# Sig Sauer 1911 C3 Magwell w/ Night Sights



## Brydawg (Mar 9, 2010)

I went to buy a new P220 .45 on April fools day, 2011 and came across this little gem. After fondling both guns, I just had to have the 1911 C3. It was the last one they had, and the last one they'd ever get (from the factory).
What a great shooting gun. 220 rounds through it without incident. No FTF or FTE problems. This gun is dead nuts on, right out of the box.
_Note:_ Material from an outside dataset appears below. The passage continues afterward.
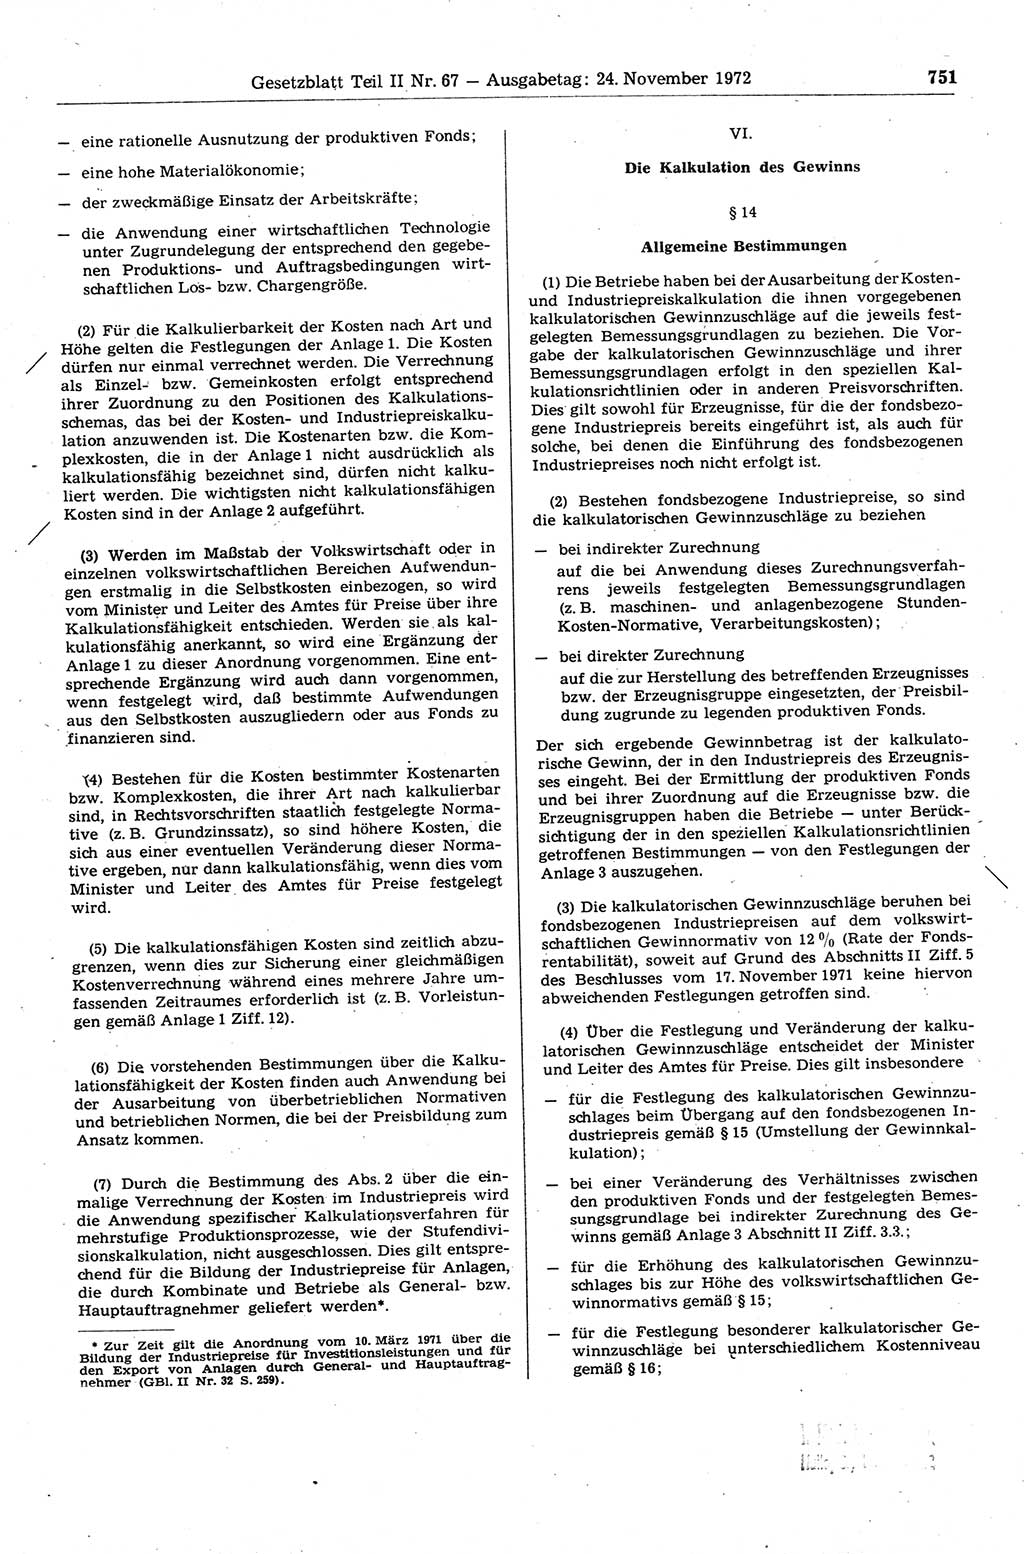 Gesetzblatt (GBl.) der Deutschen Demokratischen Republik (DDR) Teil ⅠⅠ 1972, Seite 751 (GBl. DDR ⅠⅠ 1972, S. 751)

I looked it up when I got it home and found this link :
Sig Sauer 1911 C3 with Magwell | Sig Sauer Guns and Accessories


----------



## BulletproofTC (Apr 12, 2011)

Excellent choice! I have owned over a dozen Sigs and I love 1911s, which has me baffled as to why I haven't picked one of those up.


----------



## mjeter (Sep 30, 2011)

What type of holster do you suggest? I just bought a sig C3, I really like the mag well on yours, mine doesn't have that feature.


----------



## jakeleinen1 (Jul 20, 2011)

Thats a sweet handgun


----------



## Trev1337 (Apr 21, 2013)

You prefer Sig over other brands for the 1911?


----------



## casurvivor (Jan 23, 2015)

Congrats, although I love the 220s, the C3 is a great gun, I gave up looking for one, none around my area.


----------